Authority and hub values are defined in terms of one another in a mutual recursion. An authority value is computed as the sum of the scaled hub values that point to that page. A hub value is the sum of the scaled authority values of the pages it points to. Some implementations also consider the relevance of the linked pages.

The algorithm performs a series of iterations, each consisting of two basic steps:
- Authority update: Update each node's authority score to be equal to the sum of the hub scores of each node that points to it. That is, a node is given a high authority score by being linked from pages that are recognized as Hubs for information.
- Hub update: Update each node's hub score to be equal to the sum of the authority scores of each node that it points to. That is, a node is given a high hub score by linking to nodes that are considered to be authorities on the subject.

The Hub score and Authority score for a node is calculated with the following algorithm:
- Start with each node having a hub score and authority score of 1.
- Run the authority update rule
- Run the hub update rule
- Normalize the values by dividing each Hub score by square root of the sum of the squares of all Hub scores, and dividing each Authority score by square root of the sum of the squares of all Authority scores.
- Repeat from the second step as necessary.

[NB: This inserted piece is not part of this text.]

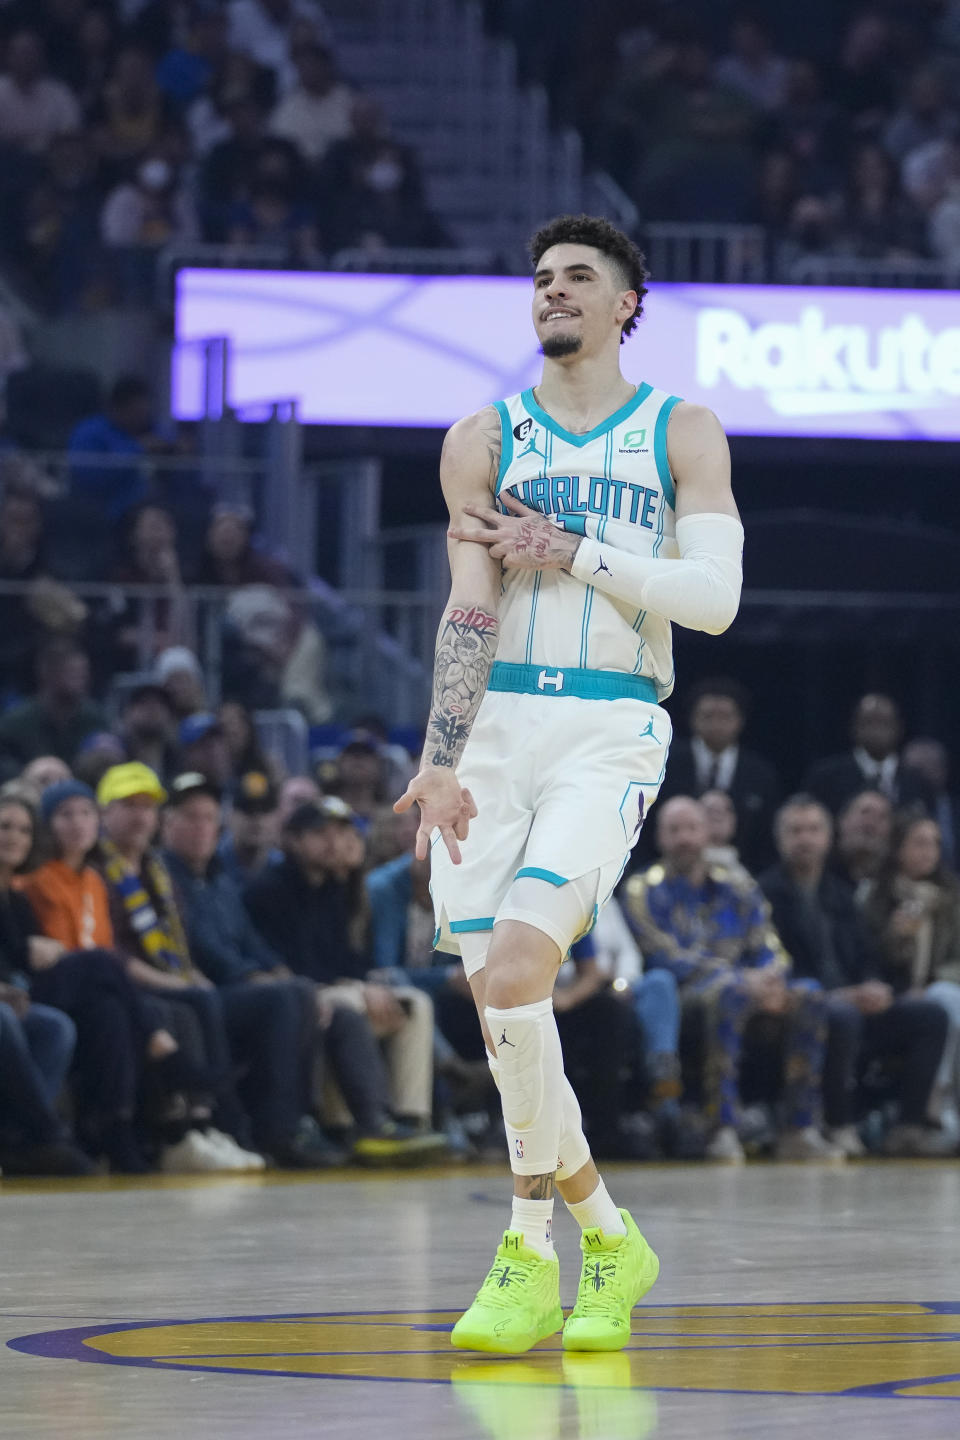 Charlotte Hornets guard LaMelo Ball reacts after scoring a 3-point basket against the Golden State Warriors during the first half of an NBA basketball game in San Francisco, Tuesday, Dec. 27, 2022. (AP Photo/Godofredo A. Vásquez)

=== Comparison to PageRank ===
HITS, like Page and Brin's PageRank, is an iterative algorithm based on the linkage of the documents on the web. However it does have some major differences:
- It is processed on a small subset of ‘relevant’ documents (a 'focused subgraph' or base set), instead of the set of all documents as was the case with PageRank.
- It is query-dependent: the same page can receive a different hub/authority score given a different base set, which appears for a different query;
- It must, as a corollary, be executed at query time, not at indexing time, with the associated drop in performance that accompanies query-time processing.
- It computes two scores per document (hub and authority) as opposed to a single score;
- It is not commonly used by search engines (though a similar algorithm was said to be used by Teoma, which was acquired by Ask Jeeves/Ask.com).

== In detail ==

To begin the ranking, we let $\mathrm{auth}(p) = 1$ and $\mathrm{hub}(p) = 1$ for each page $p$. We consider two types of updates: Authority Update Rule and Hub Update Rule. In order to calculate the hub/authority scores of each node, repeated iterations of the Authority Update Rule and the Hub Update Rule are applied. A k-step application of the Hub-Authority algorithm entails applying for k times first the Authority Update Rule and then the Hub Update Rule.

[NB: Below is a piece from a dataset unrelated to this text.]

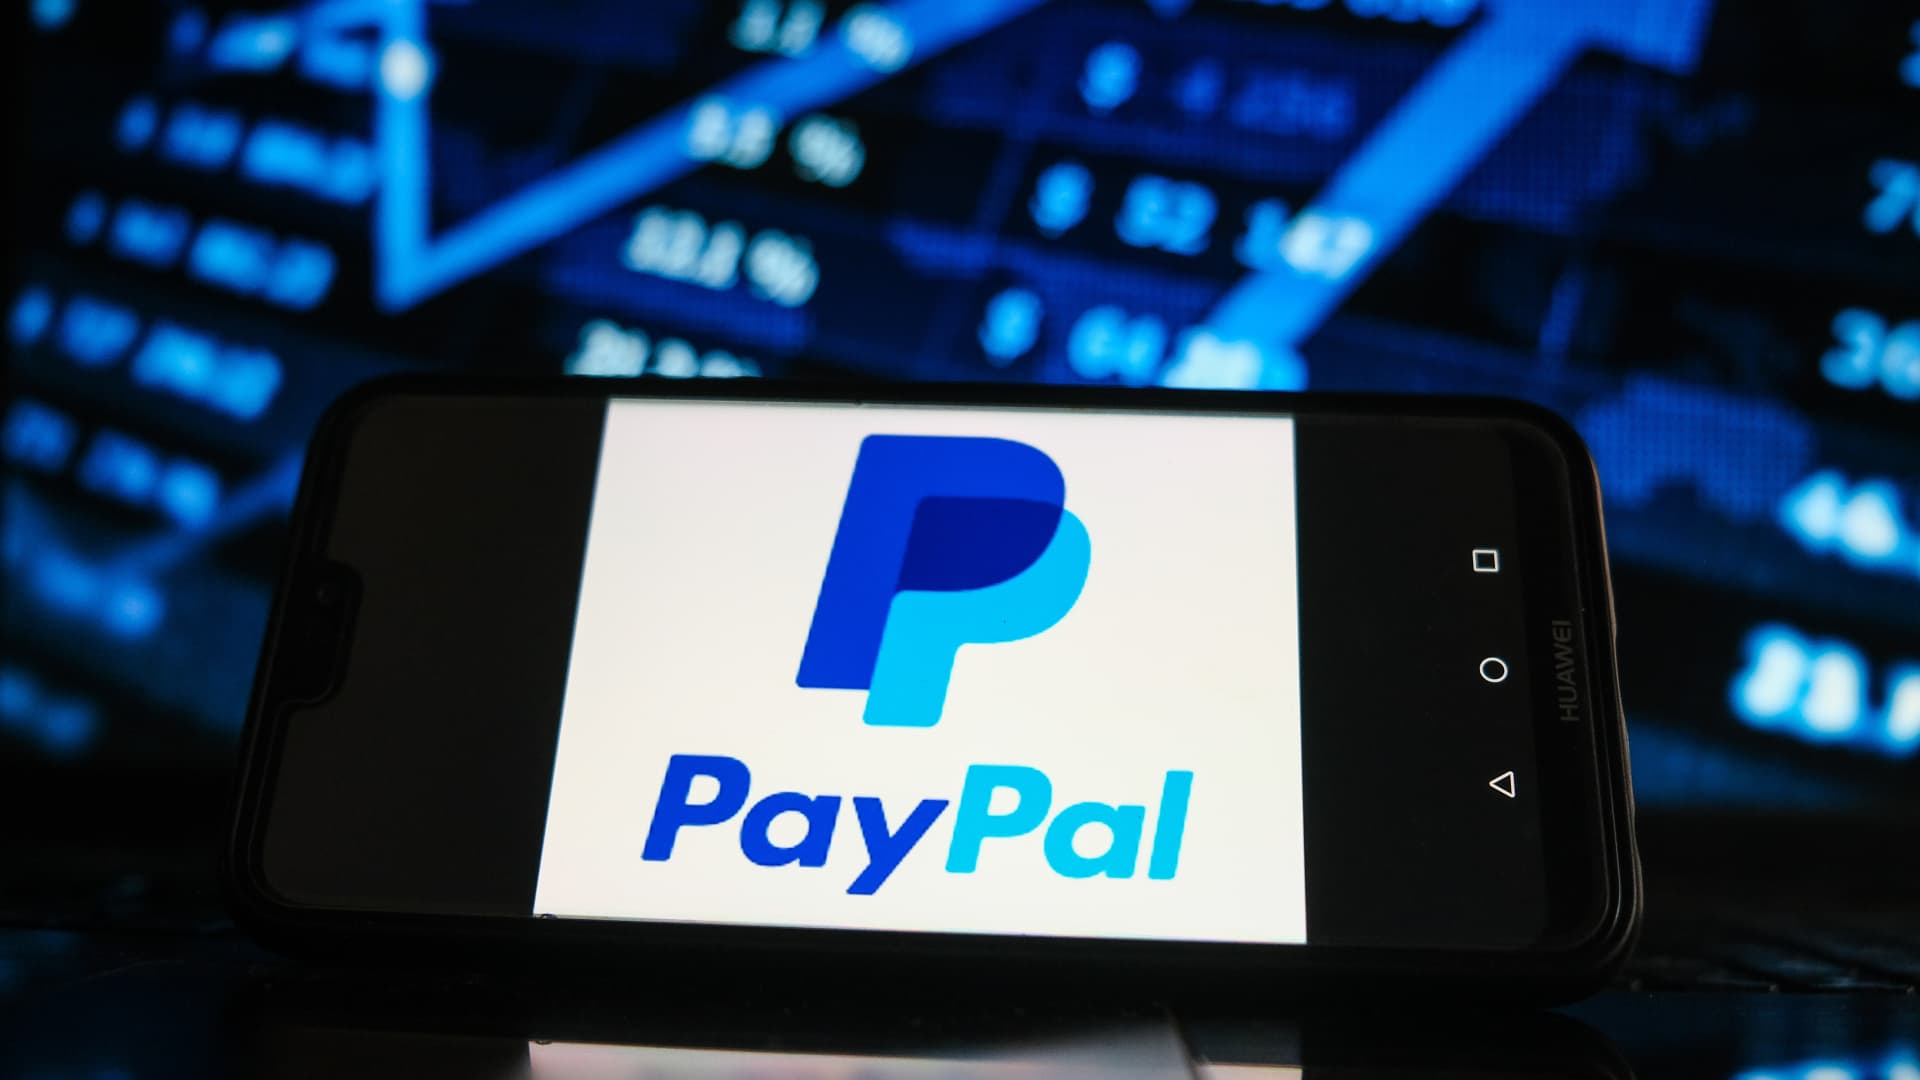 Paypal drops on light revenue forecast for Q4

===Authority update rule===

For each $p$, we update $\mathrm{auth}(p)$ to $\mathrm{auth}(p)=\displaystyle \sum\nolimits_{q \in P_{\mathrm{to}}} \mathrm{hub}(q)$ where $P_{\mathrm{to}}$ is all pages which link to page $p$. That is, a page's authority score is the sum of all the hub scores of pages that point to it.
===Hub update rule===

For each $p$, we update $\mathrm{hub}(p)$ to $\mathrm{hub}(p)=\displaystyle \sum\nolimits_{q \in P_{\mathrm{from}}} \mathrm{auth}(q)$ where $P_{\mathrm{from}}$ is all pages which page $p$ links to. That is, a page's hub score is the sum of all the authority scores of pages it points to.

=== Normalization ===
The final hub-authority scores of nodes are determined after infinite repetitions of the algorithm. As directly and iteratively applying the Hub Update Rule and Authority Update Rule leads to diverging values, it is necessary to normalize the matrix after every iteration. Thus the values obtained from this process will eventually converge.

== Pseudocode ==
 G := set of pages
 for each page p in G do
     p.auth = 1 // p.auth is the authority score of the page p
     p.hub = 1 // p.hub is the hub score of the page p
 for step from 1 to k do // run the algorithm for k steps
     norm = 0
     for each page p in G do // update all authority values first
         p.auth = 0
         for each page q in p.incomingNeighbors do // p.incomingNeighbors is the set of pages that link to p
             p.auth += q.hub
         norm += square(p.auth) // calculate the sum of the squared auth values to normalise
     norm = sqrt(norm)
     for each page p in G do // update the auth scores
         p.auth = p.auth / norm // normalise the auth values
     norm = 0
     for each page p in G do // then update all hub values
         p.hub = 0
         for each page r in p.outgoingNeighbors do // p.outgoingNeighbors is the set of pages that p links to
             p.hub += r.auth
         norm += square(p.hub) // calculate the sum of the squared hub values to normalise
     norm = sqrt(norm)
     for each page p in G do // then update all hub values
         p.hub = p.hub / norm // normalise the hub values

The hub and authority values converge in the pseudocode above.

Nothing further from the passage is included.